Data extracted from a collection
>>>

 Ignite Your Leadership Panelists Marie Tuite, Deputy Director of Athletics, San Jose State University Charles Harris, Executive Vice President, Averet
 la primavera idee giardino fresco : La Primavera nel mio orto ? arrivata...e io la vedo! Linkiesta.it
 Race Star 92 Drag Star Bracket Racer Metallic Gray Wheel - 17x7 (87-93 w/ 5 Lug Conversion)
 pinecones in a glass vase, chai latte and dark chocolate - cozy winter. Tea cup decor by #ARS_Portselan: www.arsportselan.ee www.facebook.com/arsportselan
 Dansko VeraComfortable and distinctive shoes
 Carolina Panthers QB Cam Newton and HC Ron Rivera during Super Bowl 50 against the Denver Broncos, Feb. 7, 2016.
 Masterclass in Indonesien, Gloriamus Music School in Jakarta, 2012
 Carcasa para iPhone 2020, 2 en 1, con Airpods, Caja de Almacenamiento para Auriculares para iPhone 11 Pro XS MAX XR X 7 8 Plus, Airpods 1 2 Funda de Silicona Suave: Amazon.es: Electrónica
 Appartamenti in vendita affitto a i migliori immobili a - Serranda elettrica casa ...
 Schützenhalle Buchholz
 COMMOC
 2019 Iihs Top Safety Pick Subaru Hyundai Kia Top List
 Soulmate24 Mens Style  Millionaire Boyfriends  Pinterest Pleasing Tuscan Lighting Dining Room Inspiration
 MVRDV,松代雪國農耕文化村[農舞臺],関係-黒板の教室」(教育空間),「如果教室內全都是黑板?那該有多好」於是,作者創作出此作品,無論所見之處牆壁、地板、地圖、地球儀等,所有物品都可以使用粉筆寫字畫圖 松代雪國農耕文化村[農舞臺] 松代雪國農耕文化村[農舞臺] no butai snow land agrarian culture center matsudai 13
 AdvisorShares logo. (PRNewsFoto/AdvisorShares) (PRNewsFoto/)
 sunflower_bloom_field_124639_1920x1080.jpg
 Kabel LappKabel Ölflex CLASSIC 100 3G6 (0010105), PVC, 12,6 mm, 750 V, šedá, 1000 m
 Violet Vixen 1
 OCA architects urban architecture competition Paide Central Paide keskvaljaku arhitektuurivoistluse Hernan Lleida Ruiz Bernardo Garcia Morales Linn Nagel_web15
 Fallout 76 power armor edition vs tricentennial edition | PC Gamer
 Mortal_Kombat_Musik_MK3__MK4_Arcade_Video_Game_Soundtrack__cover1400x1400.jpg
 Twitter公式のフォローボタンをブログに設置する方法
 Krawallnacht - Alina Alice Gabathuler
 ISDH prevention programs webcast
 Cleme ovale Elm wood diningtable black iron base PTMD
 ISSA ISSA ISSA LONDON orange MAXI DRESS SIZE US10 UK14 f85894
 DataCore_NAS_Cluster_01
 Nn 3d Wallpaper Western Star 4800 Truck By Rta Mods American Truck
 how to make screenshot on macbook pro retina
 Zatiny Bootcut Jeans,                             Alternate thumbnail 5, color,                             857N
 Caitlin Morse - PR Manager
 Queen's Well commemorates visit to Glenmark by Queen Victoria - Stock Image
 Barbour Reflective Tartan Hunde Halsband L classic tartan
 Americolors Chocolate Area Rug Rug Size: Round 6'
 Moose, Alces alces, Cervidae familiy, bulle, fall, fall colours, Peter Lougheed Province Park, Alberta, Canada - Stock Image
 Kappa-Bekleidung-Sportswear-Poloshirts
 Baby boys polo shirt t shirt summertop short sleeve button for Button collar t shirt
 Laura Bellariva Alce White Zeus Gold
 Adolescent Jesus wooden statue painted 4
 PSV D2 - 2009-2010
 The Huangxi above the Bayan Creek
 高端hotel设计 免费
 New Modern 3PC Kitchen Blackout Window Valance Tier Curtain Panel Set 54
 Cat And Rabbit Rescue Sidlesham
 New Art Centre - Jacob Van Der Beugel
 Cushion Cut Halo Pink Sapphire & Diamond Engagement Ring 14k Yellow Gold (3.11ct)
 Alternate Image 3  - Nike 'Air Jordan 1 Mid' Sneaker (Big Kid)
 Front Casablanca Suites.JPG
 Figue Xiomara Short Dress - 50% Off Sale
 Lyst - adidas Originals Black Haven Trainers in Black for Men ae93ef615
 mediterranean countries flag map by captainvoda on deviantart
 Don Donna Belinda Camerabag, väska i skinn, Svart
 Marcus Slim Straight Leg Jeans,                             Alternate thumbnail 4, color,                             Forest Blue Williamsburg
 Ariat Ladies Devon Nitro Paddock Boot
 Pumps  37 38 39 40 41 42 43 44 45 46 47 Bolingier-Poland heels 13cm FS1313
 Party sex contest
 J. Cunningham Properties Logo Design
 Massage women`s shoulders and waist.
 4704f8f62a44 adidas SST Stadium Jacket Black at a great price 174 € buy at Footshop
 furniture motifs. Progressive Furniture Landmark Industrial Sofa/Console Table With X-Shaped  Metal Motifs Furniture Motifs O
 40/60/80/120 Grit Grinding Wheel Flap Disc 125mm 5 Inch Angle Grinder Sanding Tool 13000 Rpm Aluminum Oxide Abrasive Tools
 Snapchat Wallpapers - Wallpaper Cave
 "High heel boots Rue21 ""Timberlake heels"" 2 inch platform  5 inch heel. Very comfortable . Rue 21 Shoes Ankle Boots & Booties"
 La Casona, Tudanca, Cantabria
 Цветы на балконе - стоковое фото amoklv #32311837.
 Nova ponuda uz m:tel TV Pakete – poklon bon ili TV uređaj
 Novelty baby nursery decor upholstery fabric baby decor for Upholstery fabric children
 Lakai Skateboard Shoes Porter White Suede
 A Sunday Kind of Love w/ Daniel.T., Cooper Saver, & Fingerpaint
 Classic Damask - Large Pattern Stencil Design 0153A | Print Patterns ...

<<<

• _To do_: Where a line of the entries contains "Alternate", report that line.

• _Answer box_:
 Zatiny Bootcut Jeans,                             Alternate thumbnail 5, color,                             857N
 Alternate Image 3  - Nike 'Air Jordan 1 Mid' Sneaker (Big Kid)
 Marcus Slim Straight Leg Jeans,                             Alternate thumbnail 4, color,                             Forest Blue Williamsburg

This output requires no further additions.